An aeroplane at an altitude of 250 m observes the angle of depression of two boats on the opposite banks of a river to be 45° and 60° respectively. Find the width of the river. Write the answer correct to the nearest whole number.
Solution:
Let aeroplane is at position O and ship 1 is at point A and ship 2 is at point B.
⇒ OM is the altitude drawn from point O towards the river.
In △OMA
45° = \(\frac{\mathrm{OM}}{\mathrm{AM}}\)

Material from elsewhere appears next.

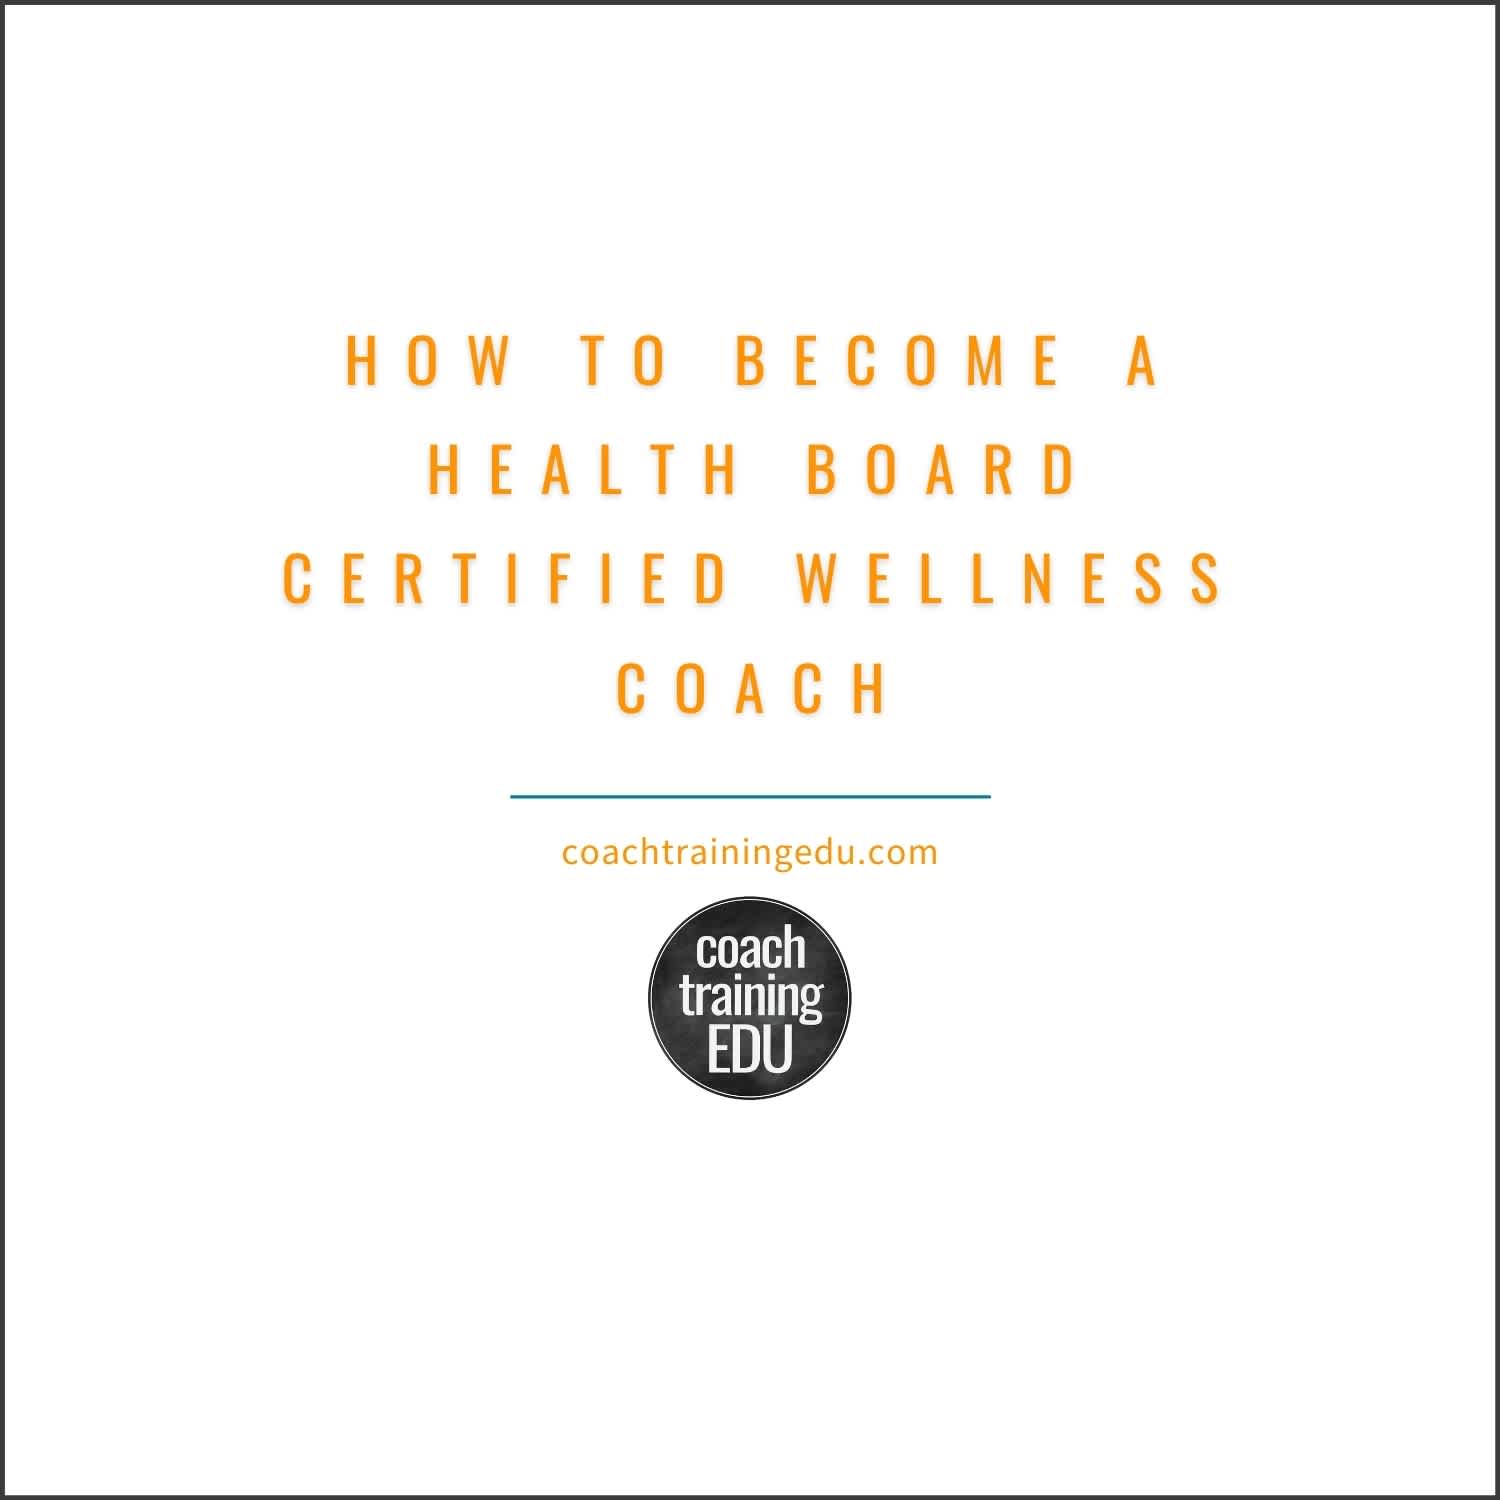 How to Become a Health Board Certified Wellness Coach

l = \(\frac{250}{x}\) {∵ tan 45° = 1}
⇒ x = 250 m
In △OMB, tan 60° = \(\frac{250}{y}\)
⇒ √3 = \(\frac{250}{y}\) ⇒ y = \(\frac{250}{\sqrt{3}}\) = \(\frac{250}{1.73}\)
y = 144.34
∴ Width of river = x + y = 250 + 144.34 = 394.34 m

Question 17.
The horizontal distance between two towers is 120 m. The angle of elevation of the top and angle of depression of the bottom of the first tower as observed from the second tower is 30° and 24° respectively.
Find the height of the two towers. Give your answer correct to 3 significant figures.

Solution:
Consider the following figure:

Tan 30° = \(\frac { AE }{ EC }\)
⇒ \(\frac{1}{\sqrt{3}}\) = \(\frac { AE }{ 120 }\)
⇒ \(\frac{120}{\sqrt{3}}\) = AE
∴ AE = 69.28 m
tan 24° = \(\frac { EB }{ EC }\)
⇒ 0.445 = \(\frac { EB }{ 120 }\)
∴ EB = 53.43 m
Thus, height of first tower, AB = AE + EB = 69.28 + 53.43 = 122.71 m
And, height of second tower, CD = EB = 53.427 m

Question 18.
An aeroplane at an altitude of 1500 metres finds that two ships are sailing towards it in the same direction. The angles of depression as observed from the aeroplane are 45° and 30° respectively. Find the distance between the two ships.
Solution:
A is the aeroplane, D and C are the ships sailing towards A. Ships are sailing towards the aeroplane in the same direction.
In the figure, height AB = 1500 m
C and D are the positions of two ships

To find: Distance between the ships, that is CD
In the right-angled △ABC,
tan 45° = \(\frac { 1500 }{ BD }\) ⇒ \(\frac{1}{\sqrt{3}}\) = \(\frac { 1500 }{ BD }\)
⇒ BD = 1500√3 m
⇒ BD = 1500(1.732) m
⇒ BD = 2598 m
∴ Distance between the ships = CD
= BC – BC
= 2598 – 1500 = 1098 m
So, the distance between the two ships is 1098 m.